[Opening Record set section]

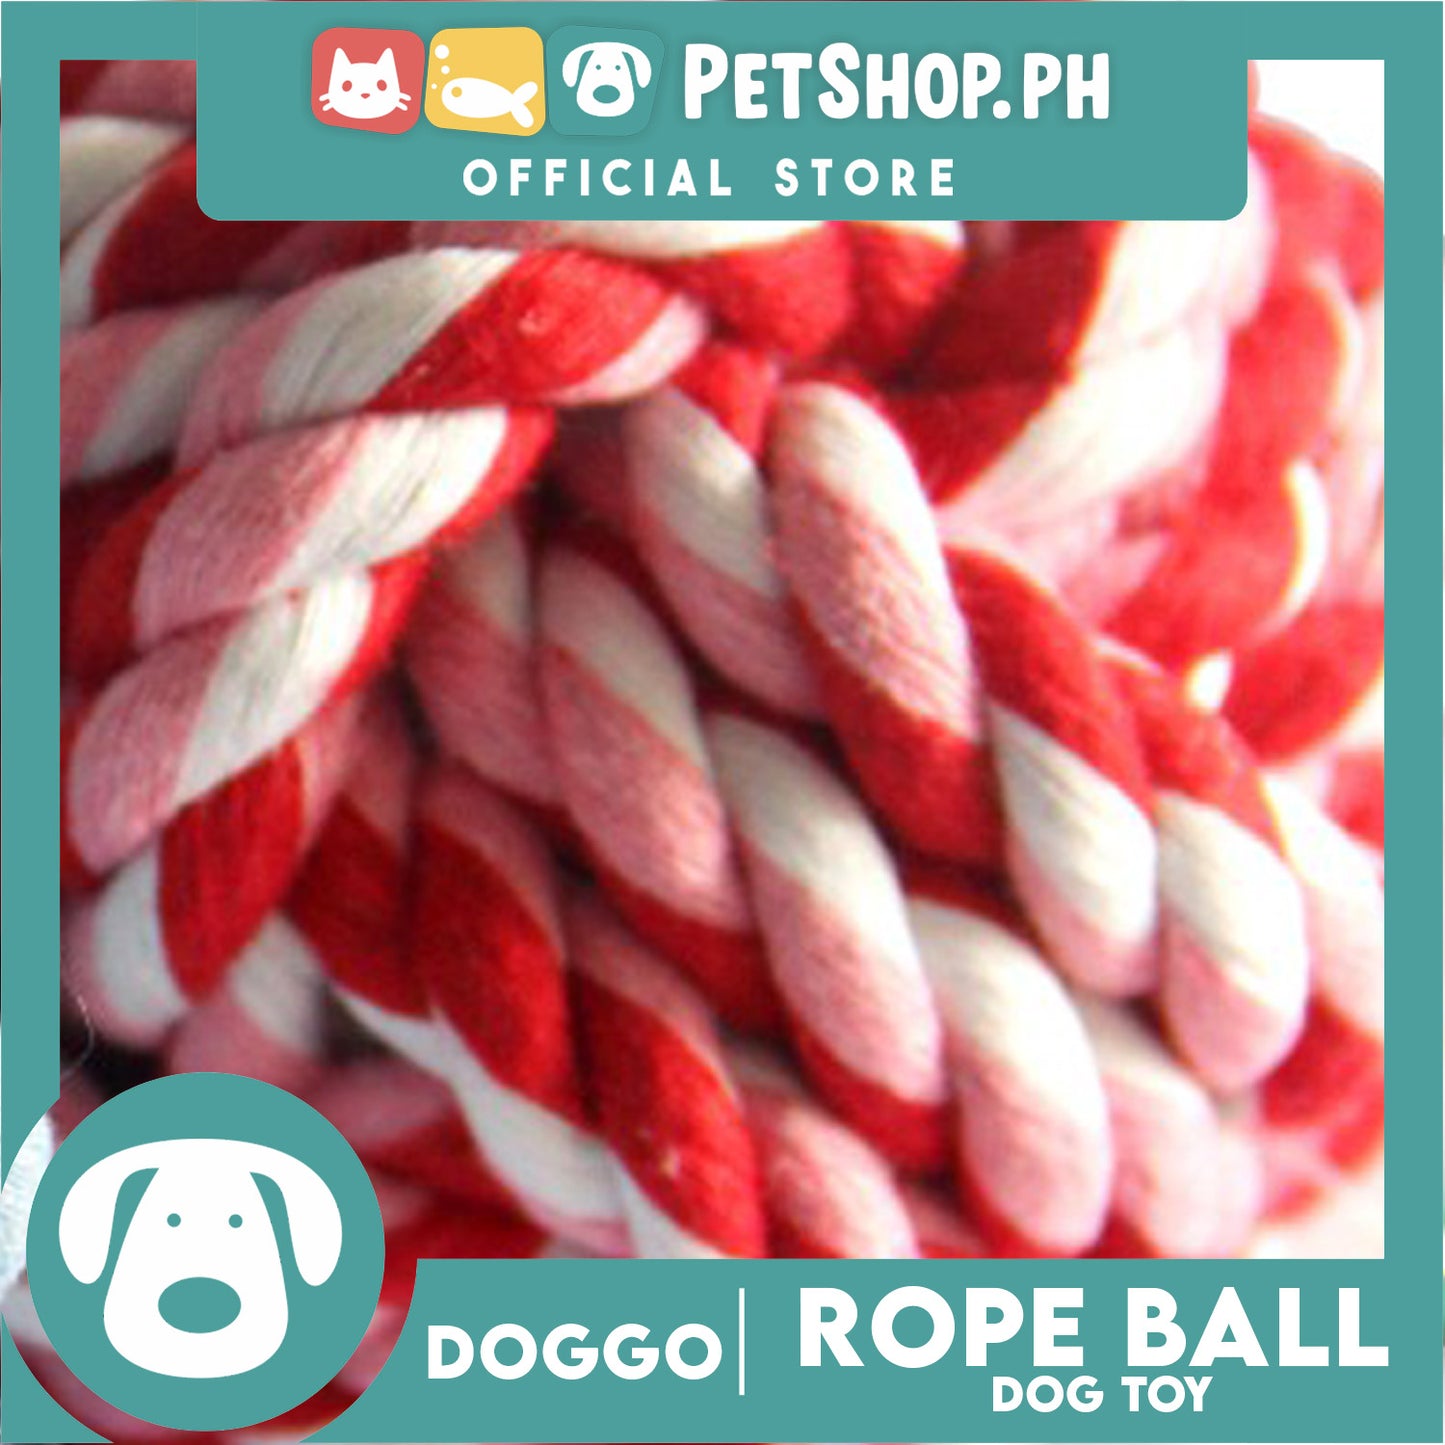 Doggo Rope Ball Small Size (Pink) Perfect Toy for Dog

[Closing Record set section]
[Opening Record set section]

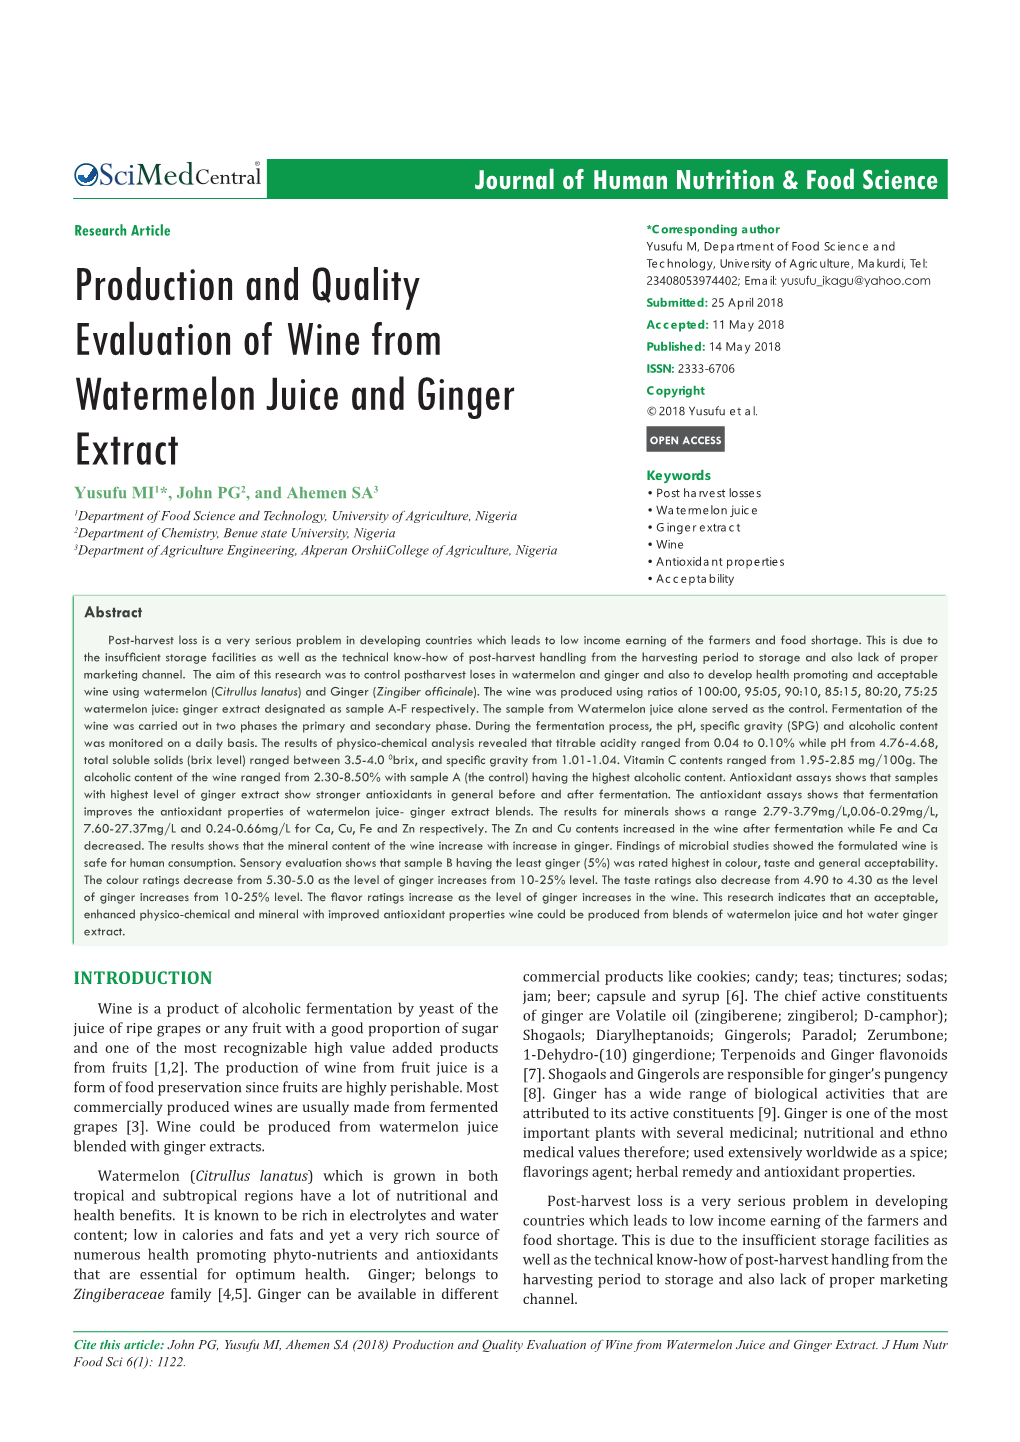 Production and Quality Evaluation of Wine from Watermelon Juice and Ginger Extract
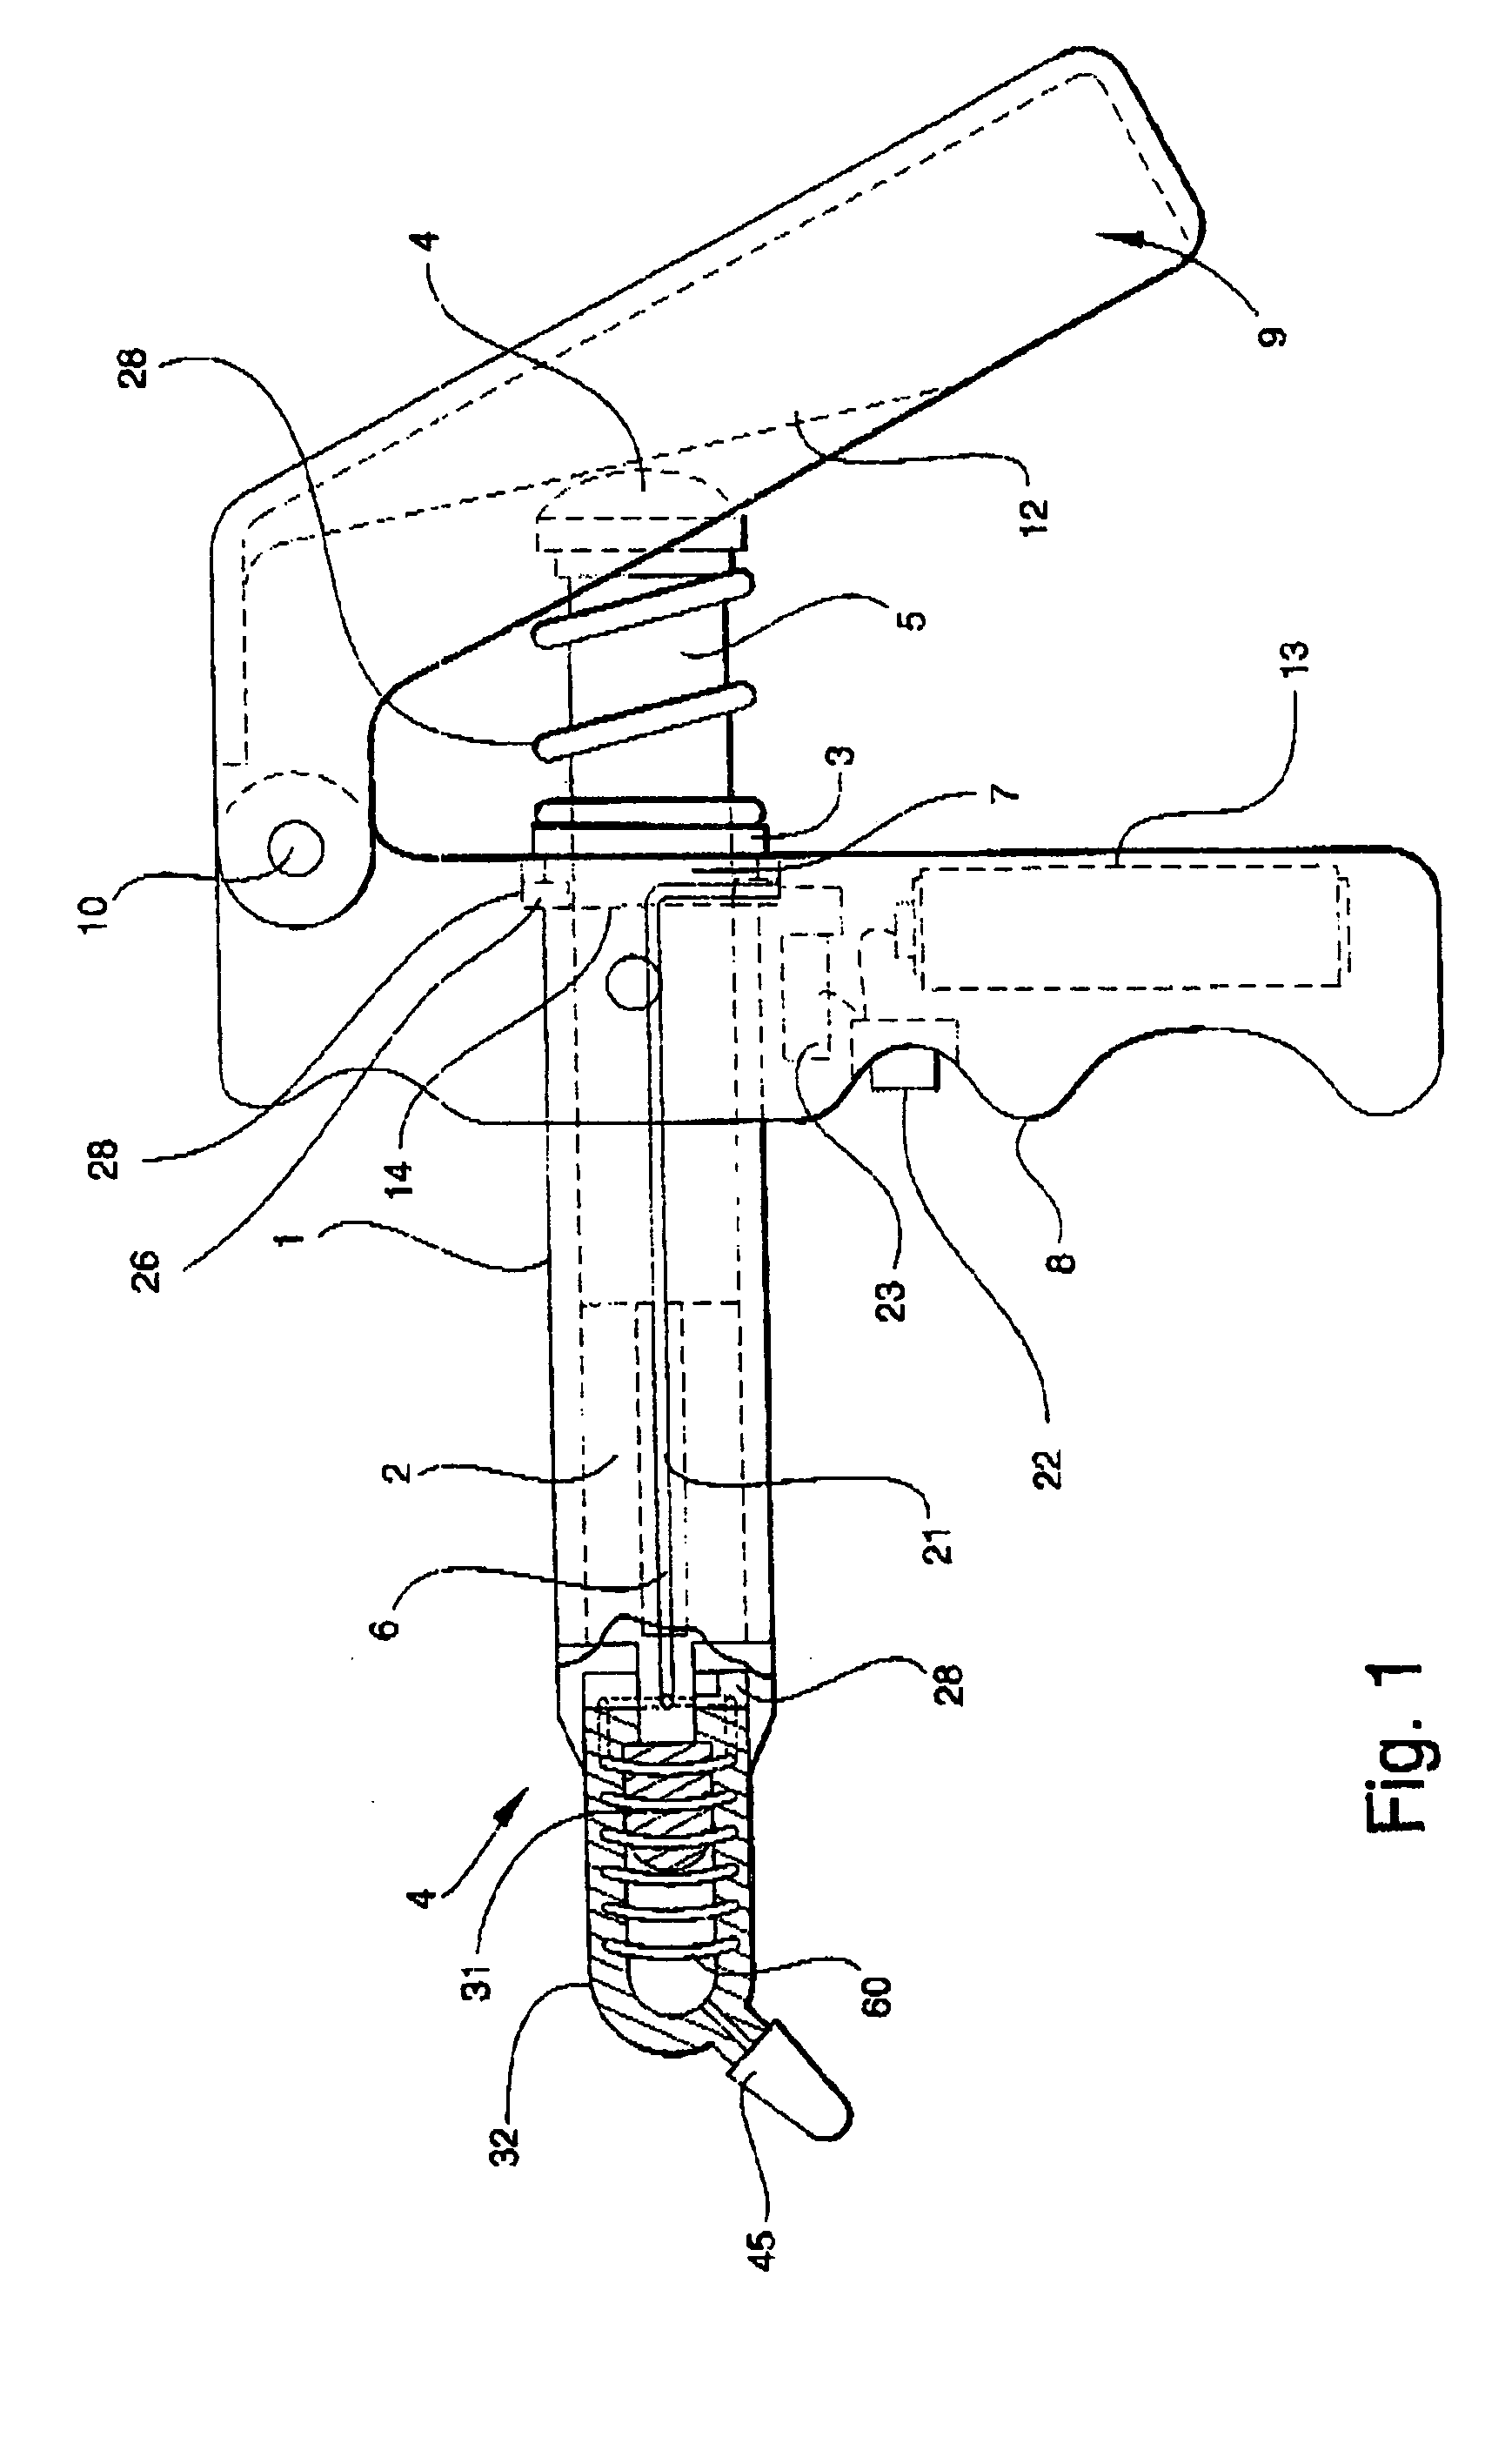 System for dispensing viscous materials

[Closing Record set section]

Your objective: Only one part of the material above is wanted: the lines from the one with "Production and Quality" up to and including the one with "System for dispensing viscous materials". Please copy them exactly, pictures left out.

Exercise solution:
 Production and Quality Evaluation of Wine from Watermelon Juice and Ginger Extract
 System for dispensing viscous materials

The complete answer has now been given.